Paris, le 30 octobre 1846.
F. Génin,
Professeur à la Faculté des lettres de Strasbourg.
P. S. On vient de me montrer, dans un journal religieux[104], deux articles où je suis diffamé, travesti, calomnié, insulté, etc., pour la plus grande gloire de M. Guessard et de saint Ignace de Loyola. Depuis la publication de mes Jésuites, l’Univers s’efforce charitablement d’appeler sur moi les rigueurs du pouvoir; depuis notre concours sur la langue de Molière, M. Guessard sollicitait discrètement contre mes travaux le ressentiment de l’Académie; tous deux travaillent à me perdre dans l’opinion publique.
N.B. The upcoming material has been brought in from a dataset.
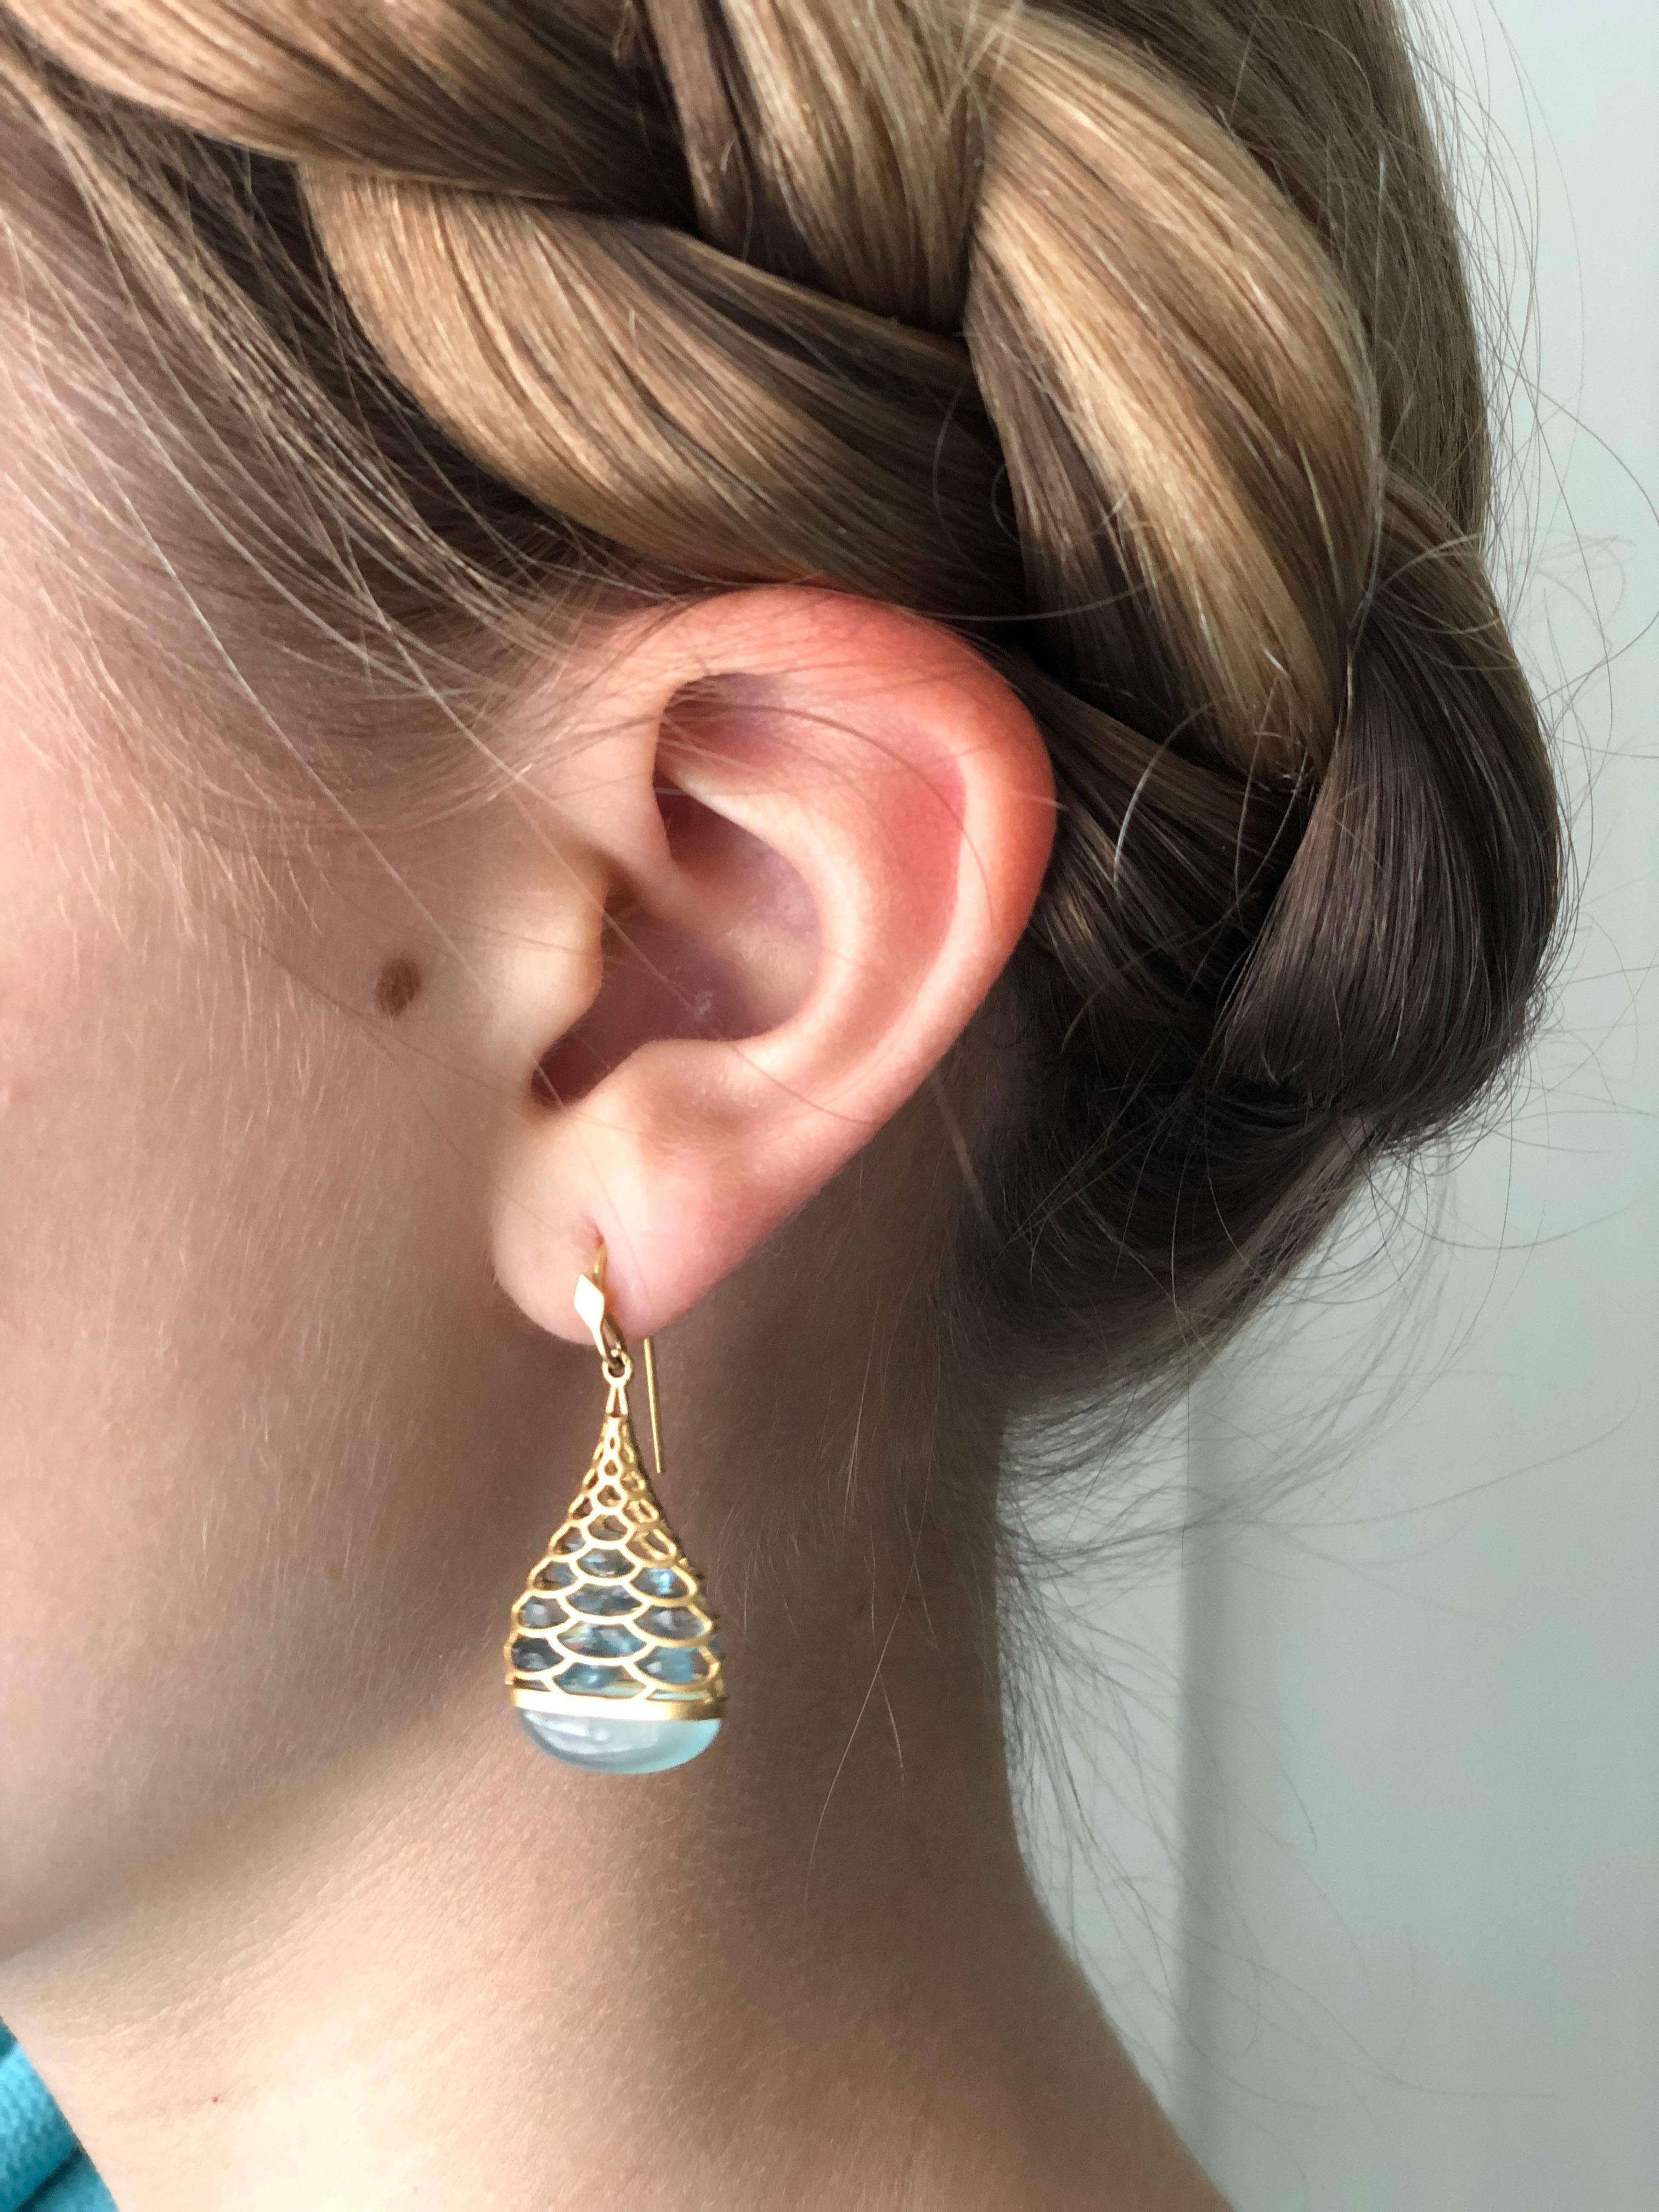 Faceted Aquamarines float inside these 18kt yellow gold teardrop shaped caged earrings, catching the light in a playful and unique mermaid pattern, with a cabachon Chalcedony set at the bottom. Finished in Lauren Harper's signature matte gold

Aimable concert! pieuse collaboration! association honnête et morale! M. Guessard connaît sans doute l’écrivain anonyme qui le porte aux nues, et reproduit si affectueusement ses doctrines et ses objections contre mon livre (sans dire un mot de mes réponses). Pour moi, je ne le connais ni ne veux le connaître. Je vois seulement que M. Guessard a pour soi l’Univers; mais comme c’est l’Univers qui loge rue du Vieux-Colombier, no 29, je ne m’en inquiète guère: j’ai depuis longtemps renoncé à l’espoir d’être canonisé par les jésuites; au contraire, je suis ravi de voir les opinions de M. Guessard soutenues par la Société de Jésus: d’une et d’autre part l’orthodoxie me semble égale, et j’espère que les deux causes, unies dans la défense, ne seront point séparées dans le succès définitif.
NOTES
[1] «Un point sur lequel je m’exprimerai avec une entière assurance, parce qu’il est un pur objet de patience et d’exactitude, c’est la correction du texte.......... J’ai suivi ces éditions originales avec une exactitude scrupuleuse.» (Avertissement, p. XVIII et XXII).
[2] Cette pièce est fort rare; la bibliothèque du Roi ne la possède pas. Je dois à l’obligeance de M. A. F. Didot d’avoir pu faire cette vérification, et beaucoup d’autres non moins importantes.
[3] De la bibliothèque de M. A. F. Didot.
[4] On n’a point la date positive de la naissance de Molière, mais on a l’acte de mariage de ses père et mère, du 27 avril 1621. Tous les anciens biographes de Molière le font naître, par une erreur manifeste, en 1620 ou 1621. Il est probable qu’il fut baptisé le jour même de sa naissance; s’il en était autrement, l’acte de baptême l’indiquerait, selon l’usage constant du dix-septième siècle.
[5] Les Précieuses ridicules sont de 1659; les Femmes savantes, de 1672. Molière mourut au commencement de 1673.
[6] Lettre sur la vie et les ouvrages de Molière, dans le Mercure de mai 1740.